1. Introduction
MiRNAs are small non-coding RNA molecules that have been shown to play a critical role in tumorigenesis [1,2,3,4] and in several other pathologies [5,6,7,8]. In order to measure miRNA intensity levels, several methods, such as RT-qPCR, high-throughput sequencing and microarrays, have been developed and have enabled researchers to profile a large number of miRNAs simultaneously across different experimental conditions [9]. MiRNA microarrays, in particular, since their first appearance in 2004 [10], have known a considerable expansion in life sciences and are now routinely used in biomolecular research.

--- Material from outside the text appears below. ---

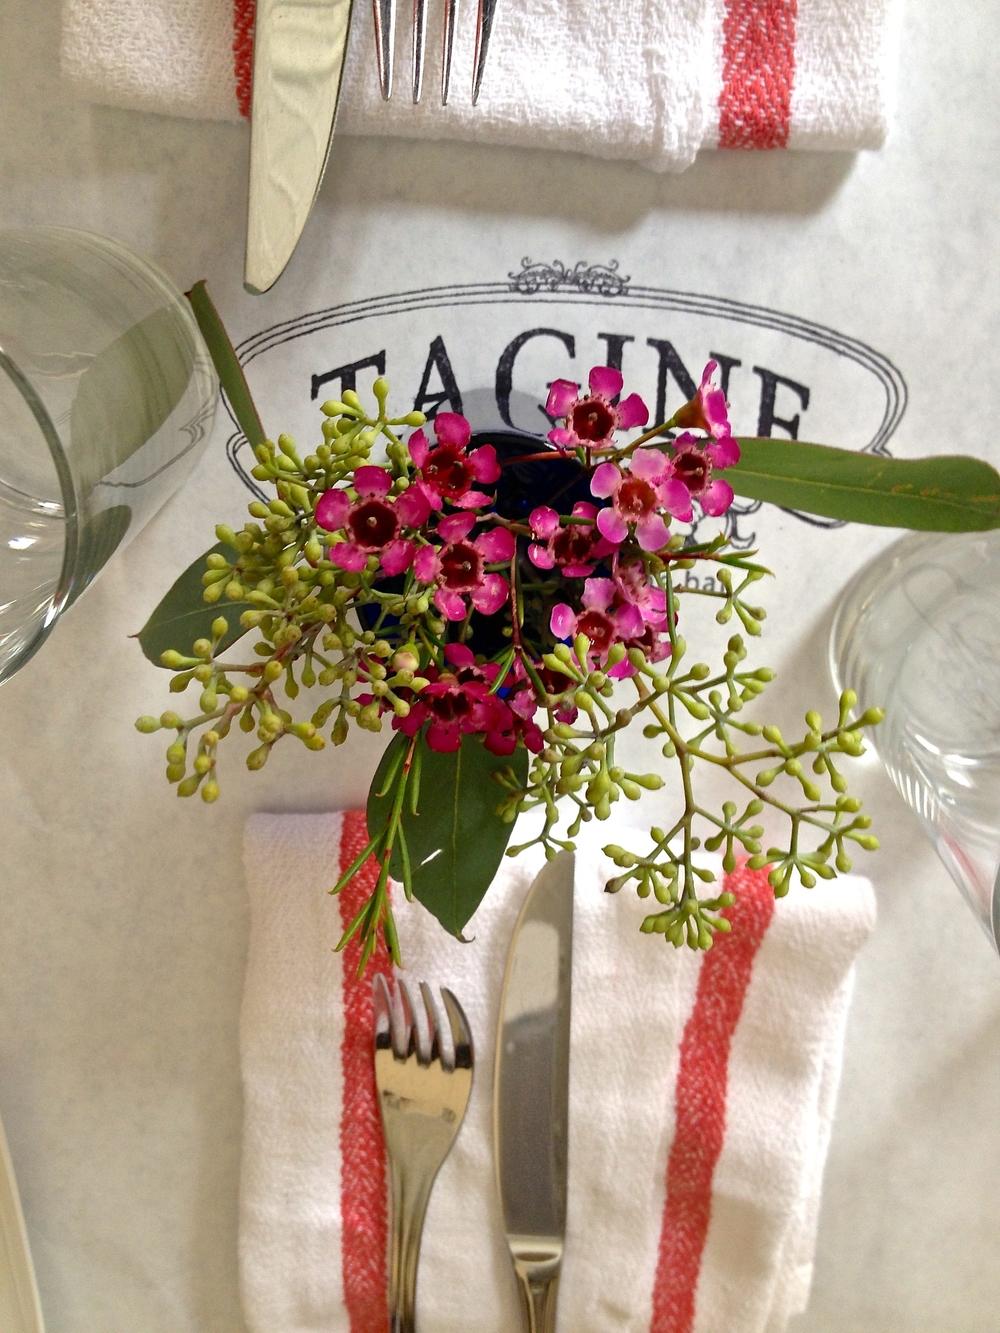 tagine restaurant & wine bar, croton on hudson, ny

In the last few years, miRNA microarrays have been compared with next generation sequencing technologies to study their performances [11,12]. The main interest lies in the potentialities and advantages offered by these new platforms in terms, for instance, of new miRNAs discovery [13]. However, since results from these comparison studies appear to be contrasting, miRNA microarrays still remain an effective and useful technology, whose characteristics need to be properly assessed, both in terms of within-platform reliability and of between-platforms agreement.
To date, only a few studies have attempted to evaluate within-platform [14] and between-platform [15,16] reliability in miRNA microarrays. Results were reported mainly as correlation coefficients (both Pearson and Spearman) for evaluating both intra-platform and inter-platform performance, calculated on a subset of miRNA that depended on detection calls concordant between platforms (i.e., miRNA that were called “detected/present” on all platforms considered for the analysis). Additionally, Sato and colleagues assessed between-platform comparability also in terms of miRNAs that were commonly differentially expressed between samples for all platforms [15], whereas Yauk et al. [16] evaluated within-platform reproducibility via Lin’s concordance correlation coefficient [17].
In this work, a different approach based on the Bland–Altman method to assess between-platform agreement is proposed. In particular, the proposed method is applied to assess agreement between three different miRNA microarray platforms (Affymetrix, Agilent, Illumina). Additionally, advice against the use of Pearson/Spearman correlation coefficients is provided, and use of concordance correlation coefficients (pairwise and overall) is suggested as a better measure to evaluate within-platform reliability.